In keeping with that philosophy, Earth Day, April 22, will be a time for the community to celebrate with them. Kripke is hosting day-long festivities including a live 104.7 WIOT radio broadcast, free lunch, and free prizes. “We are also offering the highest prices of the year to those who bring in their obsolete metal items to recycle,” promised Andy Golding, Kripke’s chief strategy officer.
The company has been open to consumer recycling for the past two years. The public can bring unwanted aluminum, copper, brass and steel items such as porch furniture, cables and wires found in appliances and machines, brass faucets, and much more to receive cash for their recyclable. In fact, a booklet, “Make More Money, Kripke Insider’s Guide to Metal Recycling,” is available at company headquarters to help explain the recycling process. According to Golding, metal items have value. “Recycling keeps those metals out of landfills. People earn cash for the items they bring to recycle. Those items are segregated and sent to mills where they are used to make new items. This is a win for the environment, for the recycler, for us and for the end users,” he said.

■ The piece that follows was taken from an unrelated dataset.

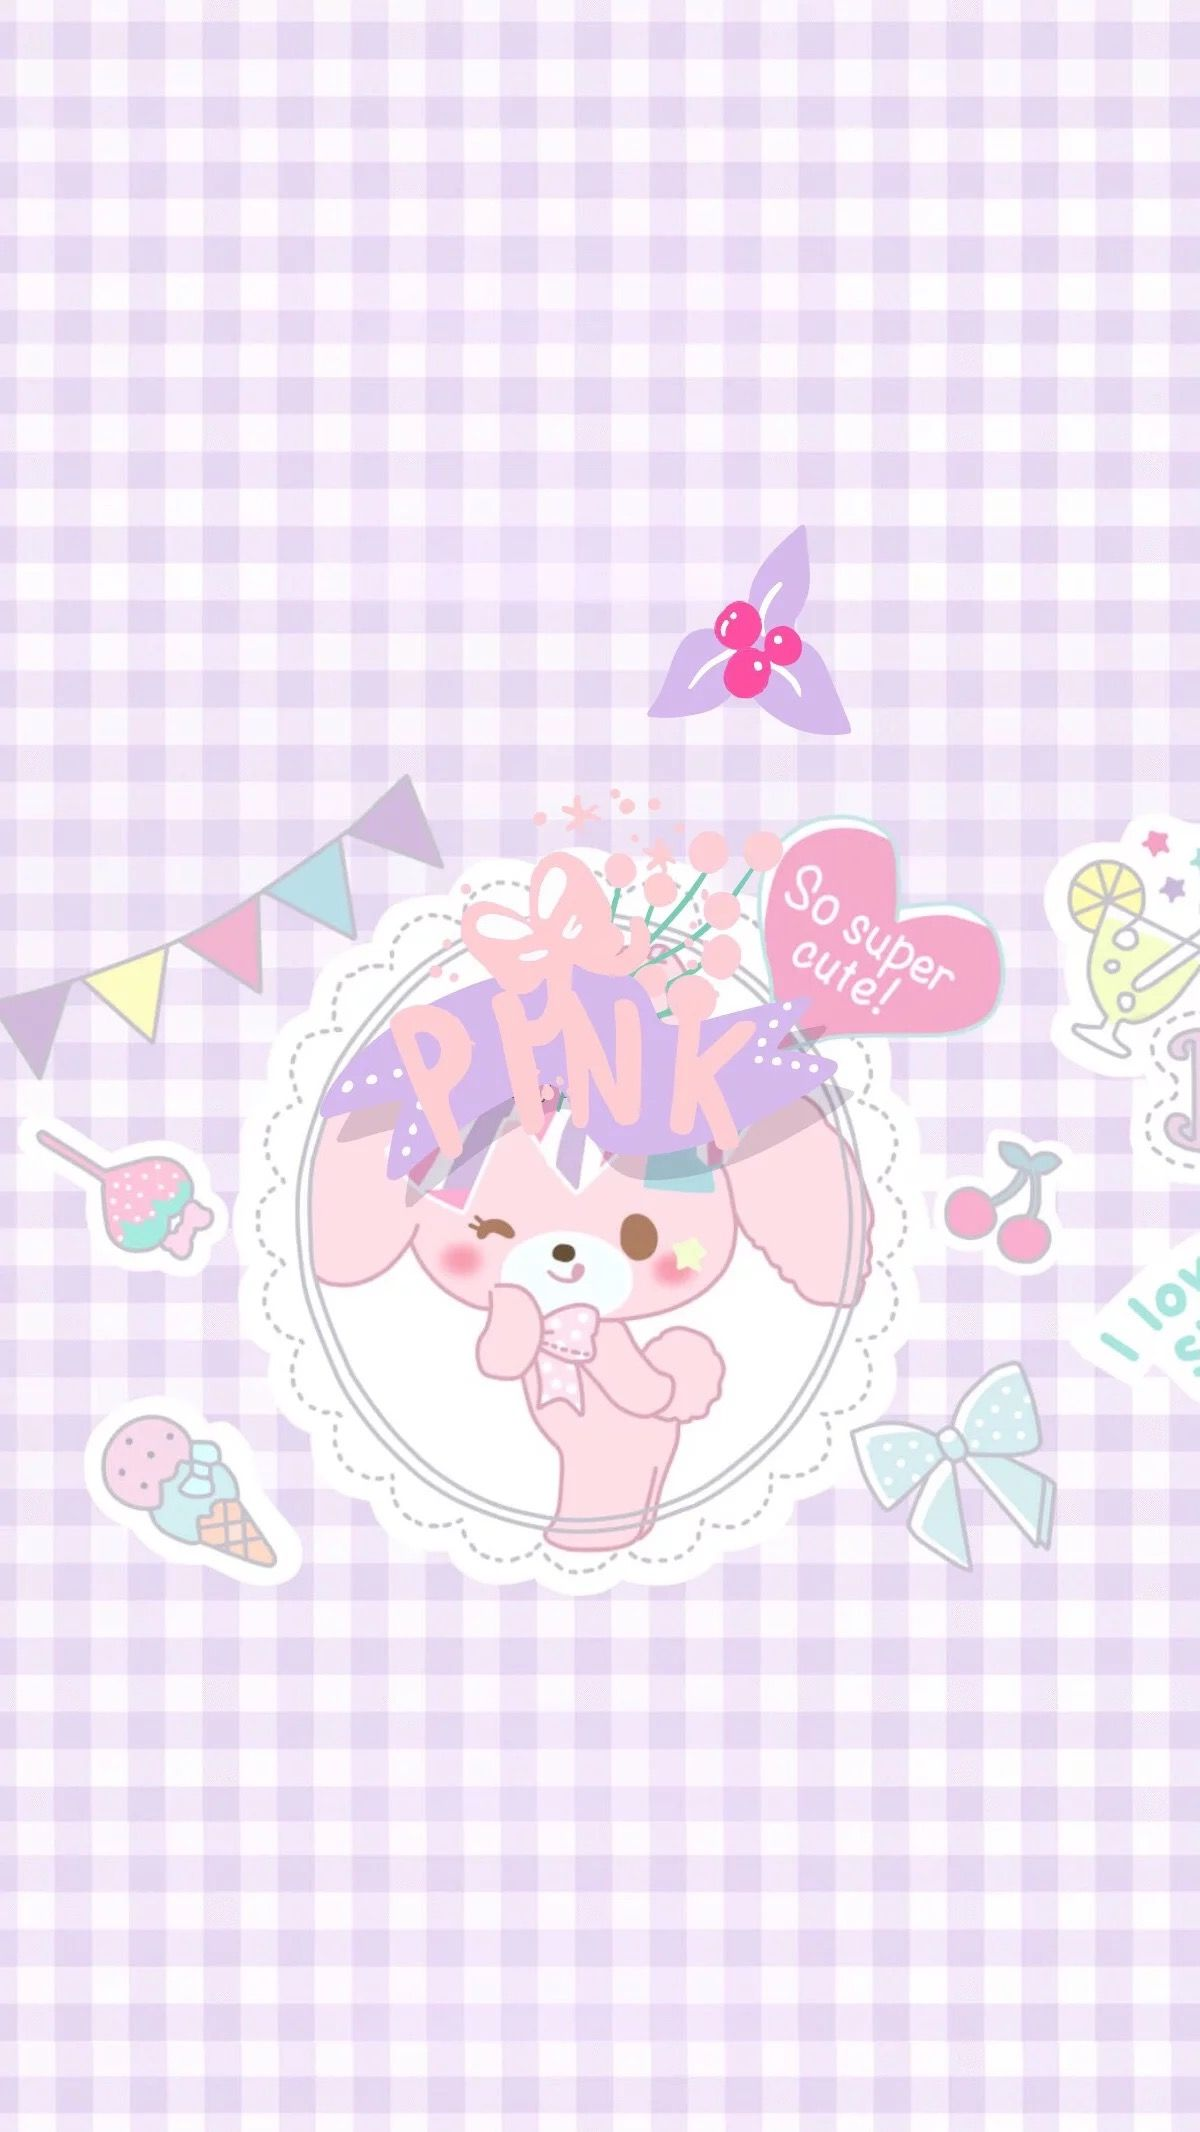 Simple Wallpaper Hello Kitty Ribbon - 1e9686f1e054580f1a9ae1465793a912  You Should Have_525029.jpg

“Our business has always been to broker scrap metal and sell it to industries who will reuse and make something else,” noted Golding. “While recycling is about keeping items out of the landfill, it is just as important to have that metal to reuse. There is not enough iron, steel, aluminum and more to make all of the stuff we want.
We have also always been a business to business recycler,” he said. “Seventy percent of all stainless steel and steel products made in the United States are from recycled steel.”

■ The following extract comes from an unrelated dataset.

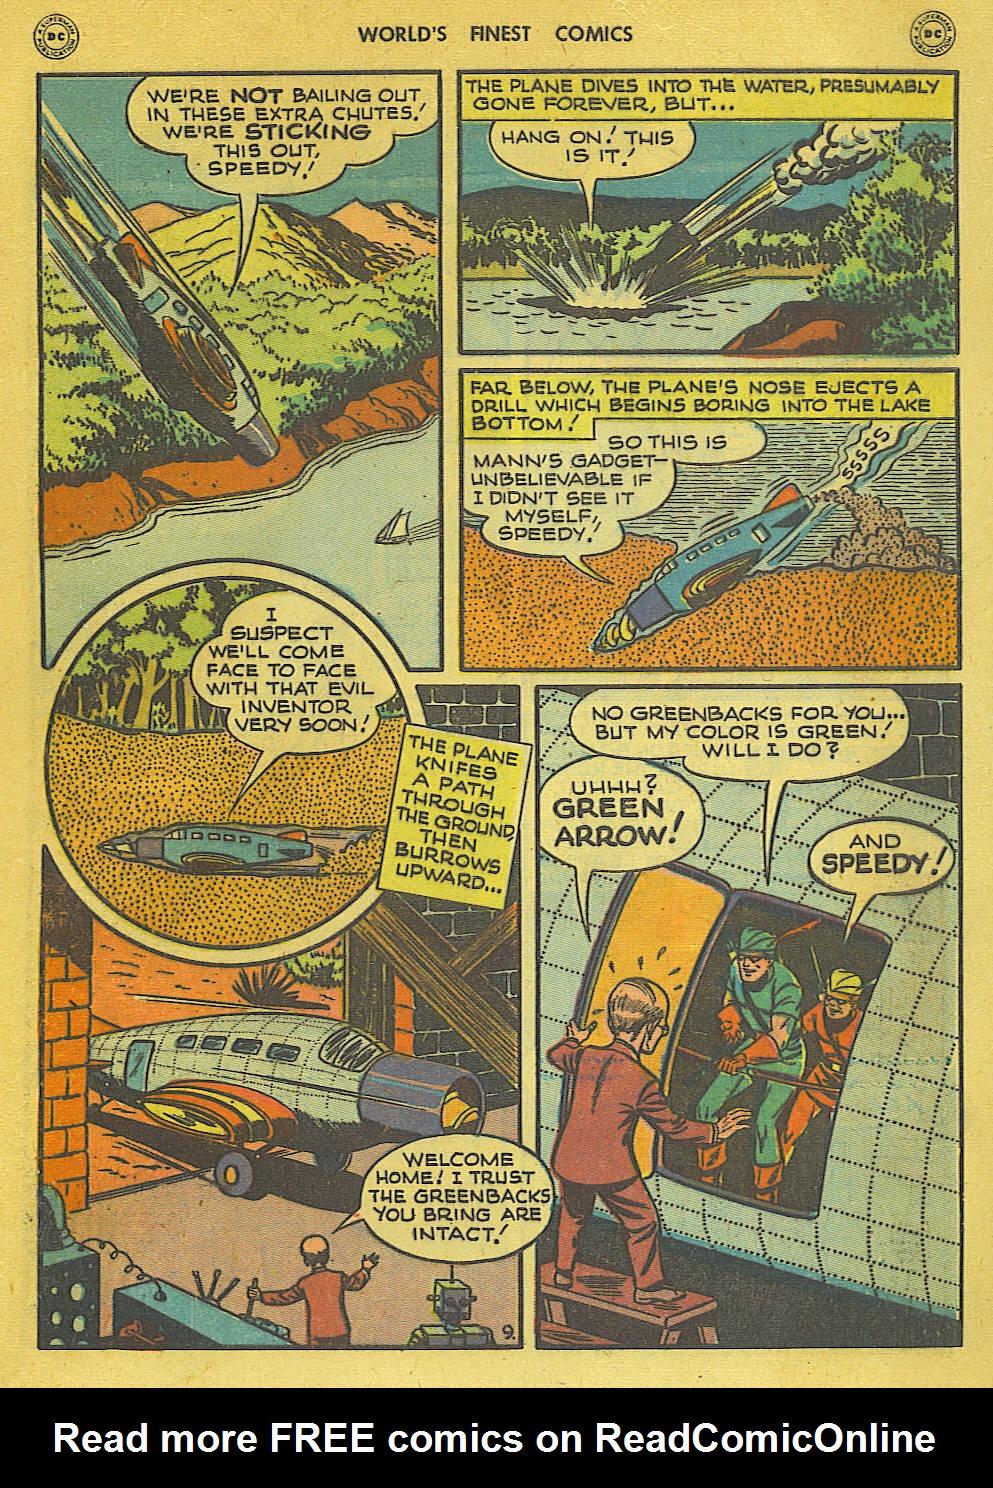 Read online World's Finest Comics comic -  Issue #34 - 49

“The first month we began buying metal items from the public, we had 100 people who recycled metals. This past March, we had 1,400 people who stopped by to sell us their unused metal items,” Golding stated. “In the past two years, we have recycled 10 million pounds of metal from the public.”
“When we opened recycling to the public our goal was to elevate the recycling metal experience to the highest level,” Golding emphasized. “Our parking lot is spotless. Everything is clearly marked, making the process easy. Everyone is greeted with a smile. We never give change, we round up to the next dollar when we pay for recycling. Everyone leaves with a piece of Bazooka bubble gum, too.”

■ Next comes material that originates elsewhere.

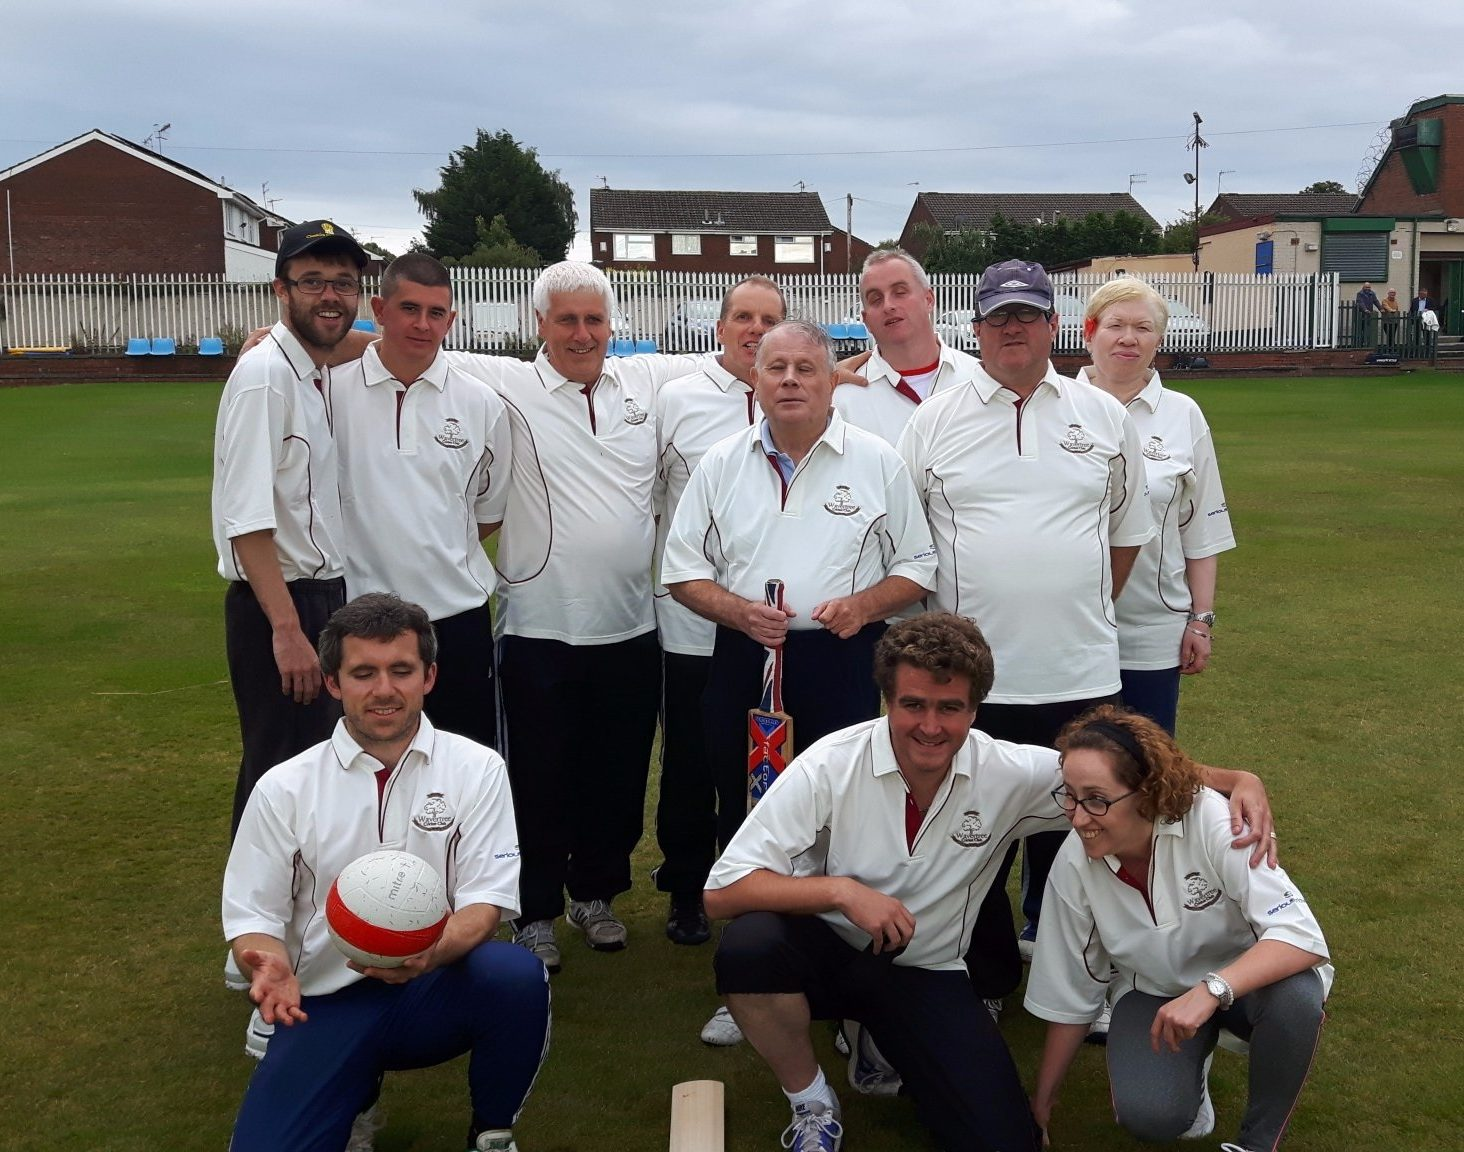 Image shows Matt stood with his Wavertree CC teammates

Convenient hours for public recycling are Monday through Friday from 8 am to 4:30 pm with a 6:30 pm closing on Wednesday; and Saturday from 8 to 11:30 am. “We want to give people as much opportunity to come here as possible. We also want people to leave here with air in their tires and money in their pockets. Everyone wins when they recycle metals here. The recyclers earn cash, we get much-needed metal that we sell to people who make stuff and, best of all, none of this goes into a landfill!”
Recycle, repurpose, reuse have been every day phrases for Kripke company personnel long before they became popular buzz words and they continue to resound today.